Summary: Reflections on what Baldwin can teach us.
I have been leading a zoom book group for about five years now. It started out of a Be the Bridge group at my church. Most of the people have changed, but we still meet about 35-40 Thursday a year doing about 4 books a year with good breaks between books. The group is mostly reading book by Christians about racial issues. The Gospel According to James Baldwin was our most recent book and honestly one of the best discussion books we have had in the last couple of years. People who didn’t often talk much found things to talk about here.
Most of the time, we read books that I have already read. I don’t choose every books, but generally I give about 5 suggestions of books I think are worth reading as a group and the group chooses what they are most interested in. I was a bit surprised when the group chose The Gospel According to James Baldwin because that was outside of our normal history, bible study, sociology types of books. (White Flight, The Anti-Greed Gospel by Malcolm Foley, If God Still Breathes, Why Can’t I?: Black Lives Matter and Biblical Authority, Brown Faces, White Spaces: Confronting Systemic Racism to Bring Healing and Restoration are some recent books we have read.)

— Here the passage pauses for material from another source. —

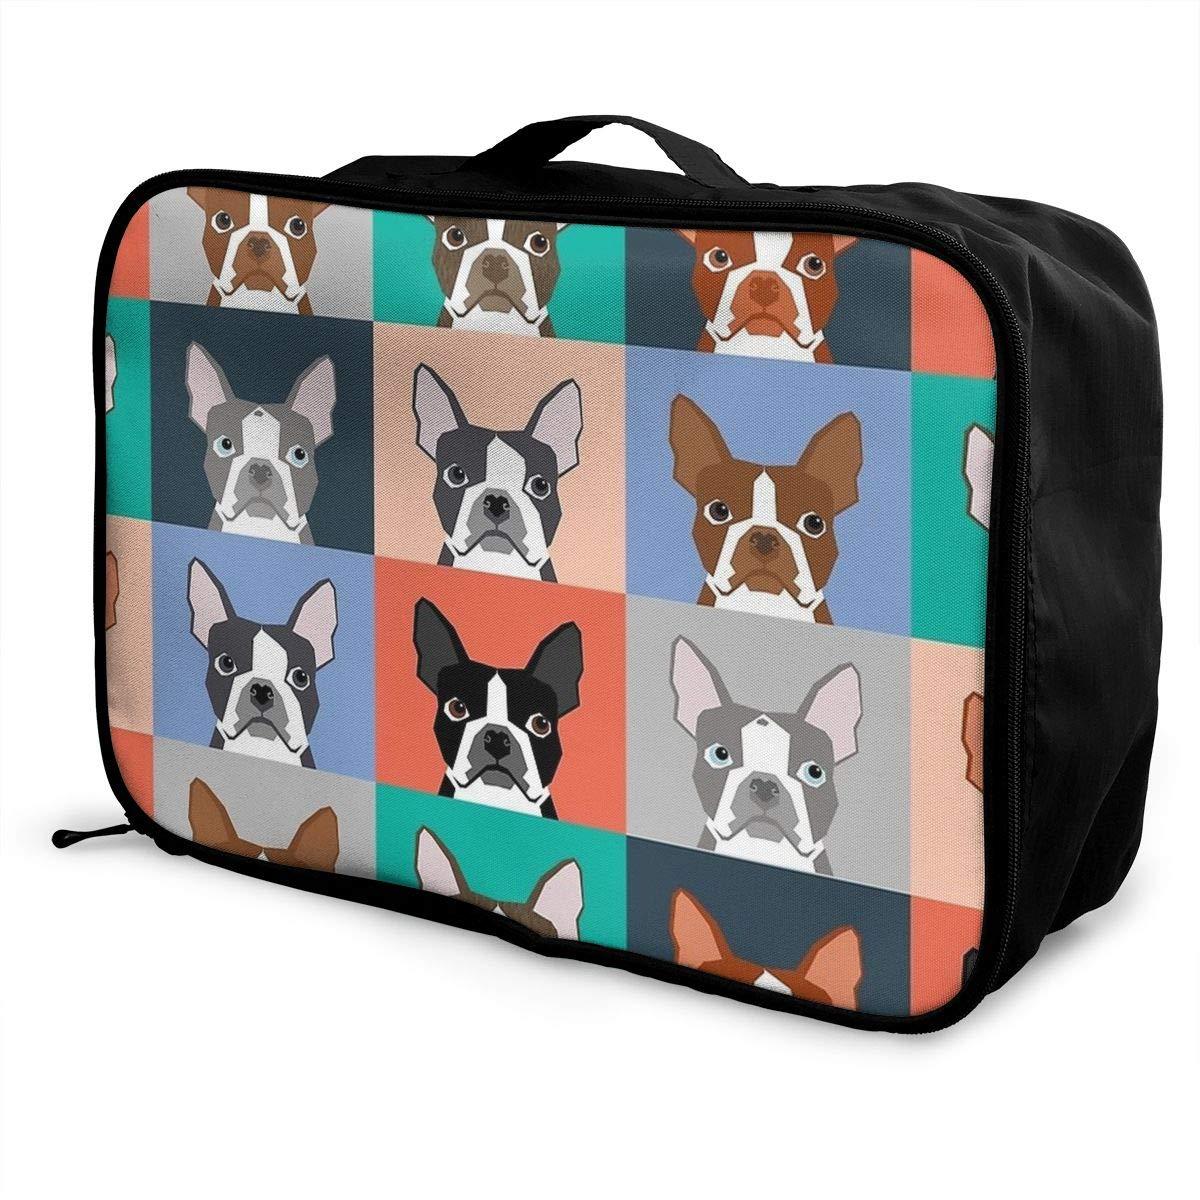 Boston Terriers Tile Bulldog Dog Set Pattern Travel Duffel Bag Casual Large Capacity Portable Luggage Bag Suitcase Storage Bag Luggage Packing Tote Bag Weekend Trip

I had not read The Gospel According to James Baldwin yet and if I had, I am not sure I would have recommended it. That isn’t because it is a bad book, but I would have thought it was too literary, too dependent on knowing Baldwin and too much of a stretch for the group to see someone who didn’t identify as a Christian have something to teach us as Christians. At the first session I found out that none of the group had previously read James Baldwin and only two or three had seen I am Not Your Negro documentary. (I own the documentary, watched it at least four times and read at least eight of Baldwin’s books as well as David Leeming‘s biography and several others books that draw heavily on Baldwin like Coates, Clint Smith, Eddie Glaude and Dante Stewart.) Again, had I known the lack of familiarity I would have overruled the group and not let the book be chosen.